Agreement may be nearing on low-cost health clinic
Published 2:20 pm Thursday, July 6, 2017
- This file photo shows the waiting area shared by the WIC office and the Partnership Health Center at the Mack Gaston Community Center.
DALTON, Ga. — The Partnership Health Center, which provides low-cost health care to those with low incomes, could see its lease at Dalton’s Mack Gaston Community Center extended for another year.
Steve Miracle, CEO of Georgia Mountains Health Services, the Morganton-based nonprofit agency that operates the center, says the city has sent him a draft contract he is largely happy with.
“But there are one or two conditions that I have some concern about,” he said. “The key thing is the days and hours of operation.
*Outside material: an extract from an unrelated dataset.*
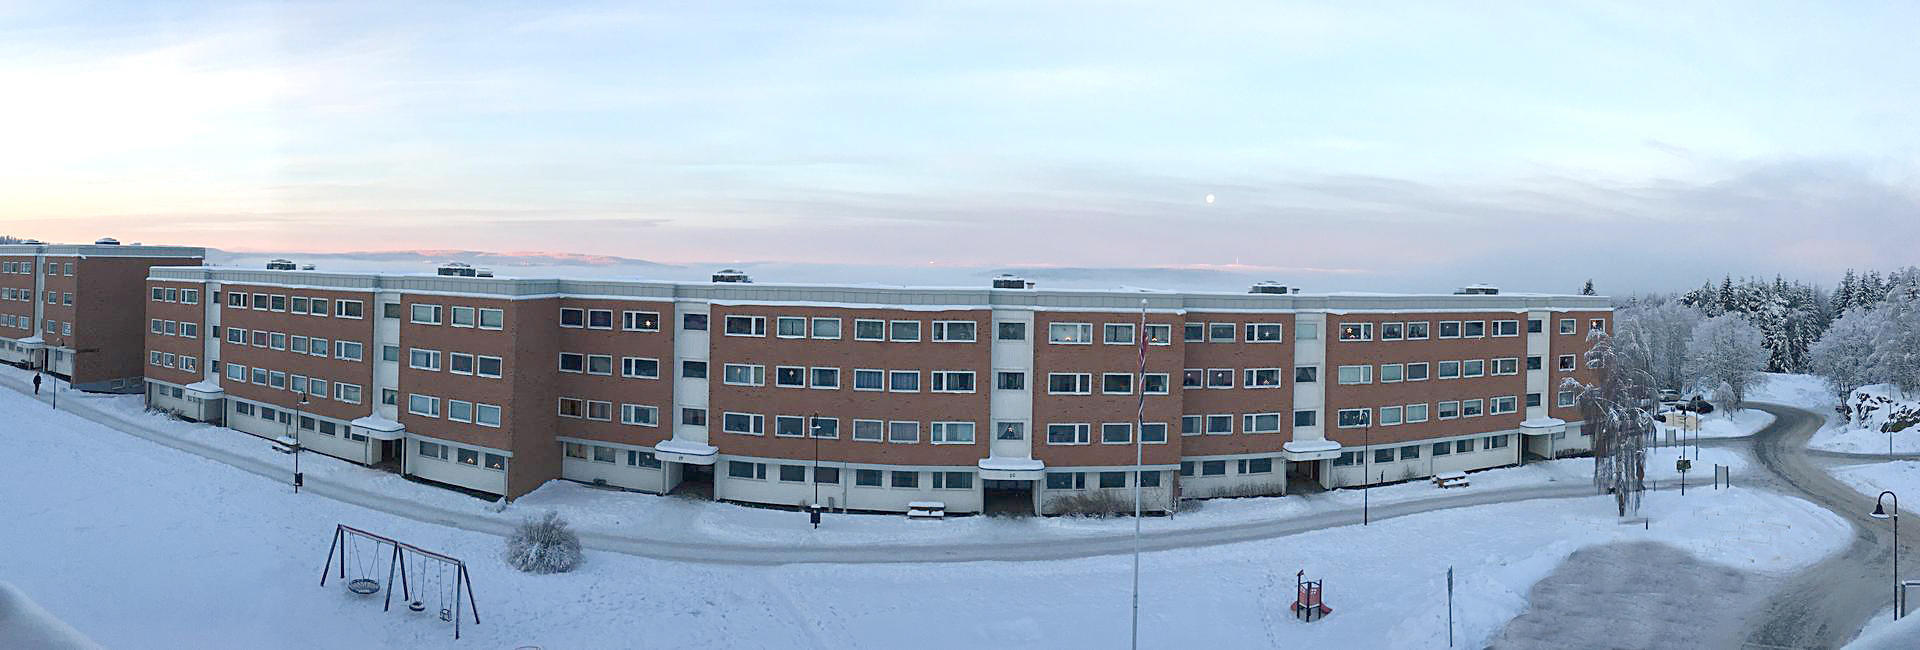 panorama1 (003).jpg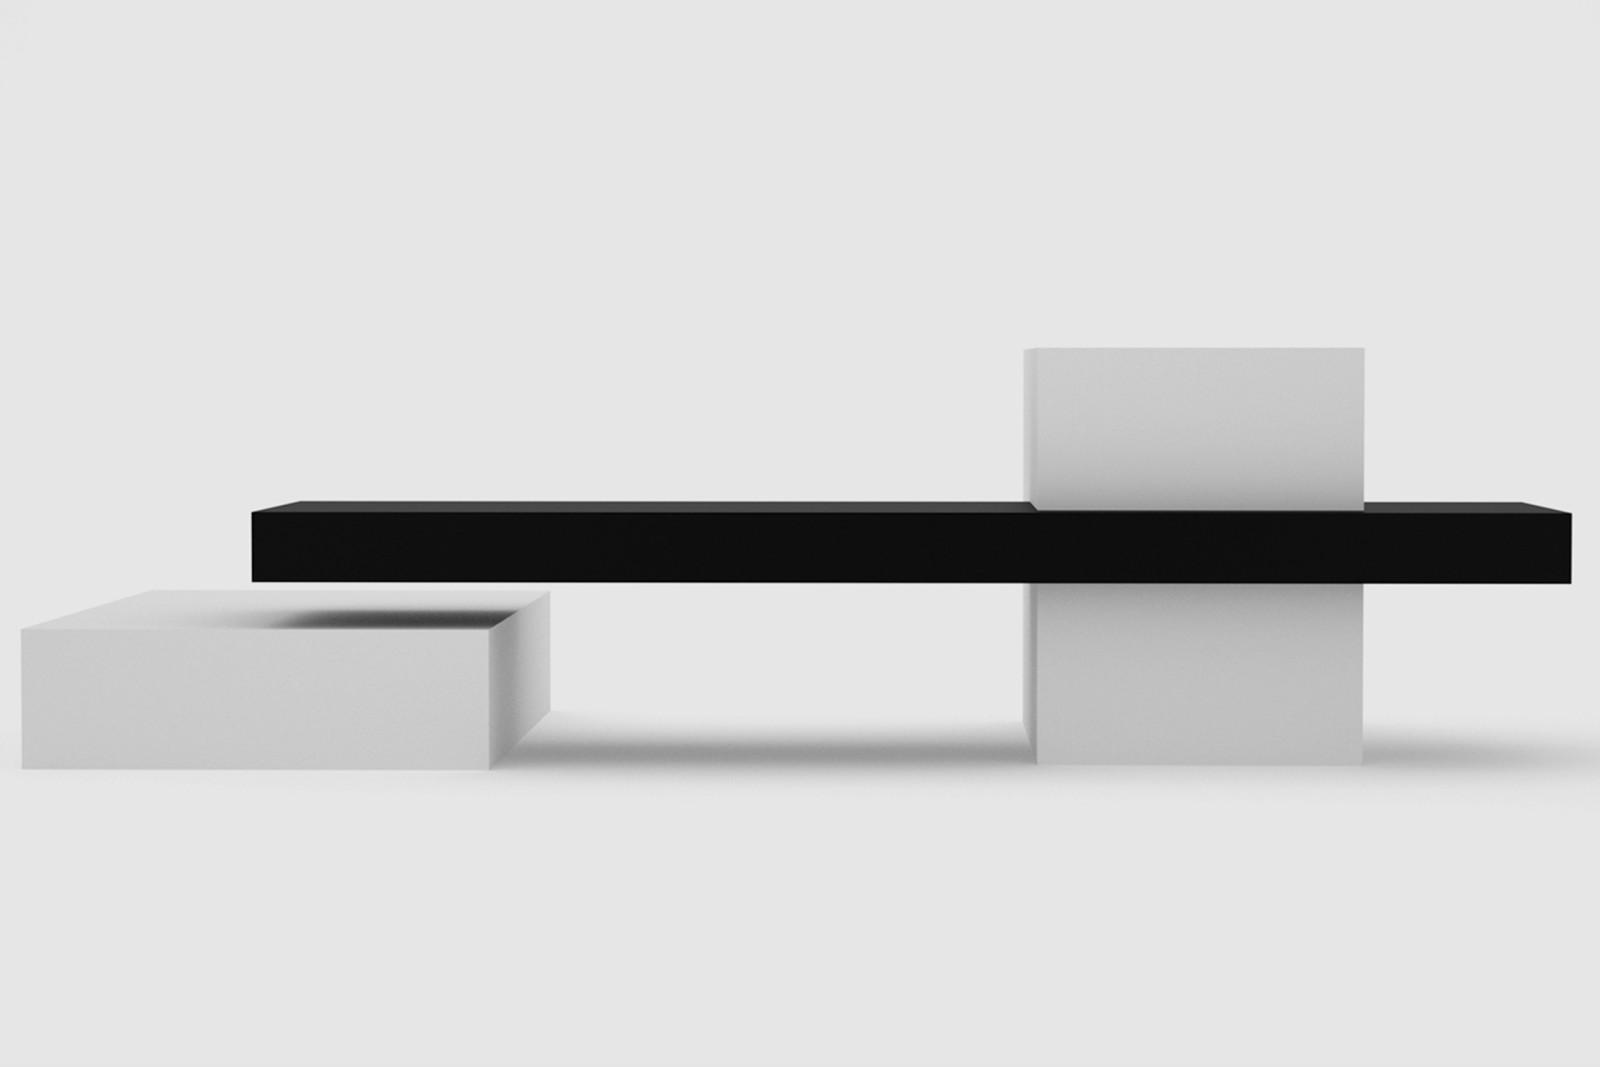 Norwegian Design Pavilion for the Norwegian Consulate General

They want us to be open five days a week from, I think, 8 to 5. But the way it is written it doesn’t make allowance for when we have to do training and stuff like that. I’d like some clarification on that and to see if we can get something that gives us a little flexibility.”
Miracle says he sent an email to council members this week expressing his concerns. He says he was told that he should get an answer back next week.
Miracle says there’s nothing else in the agreement he has a problem with. The agency would continue to pay $1 a year in rent for its space.
Georgia Mountains has operated the clinic for the past five years. On May 9, Mayor Dennis Mock sent a letter to Georgia Mountains cancelling that lease effective at midnight on July 31. While Mock’s letter did not specify why he terminated the lease, he said in an interview, “We’ve had some concerns about whether they have been open the hours they should be. We’ve sent some city employees over there for drug testing and they weren’t open, so we’d have to send them back and lose more time.”
On June 2, City Council members agreed the city would try to renegotiate the lease.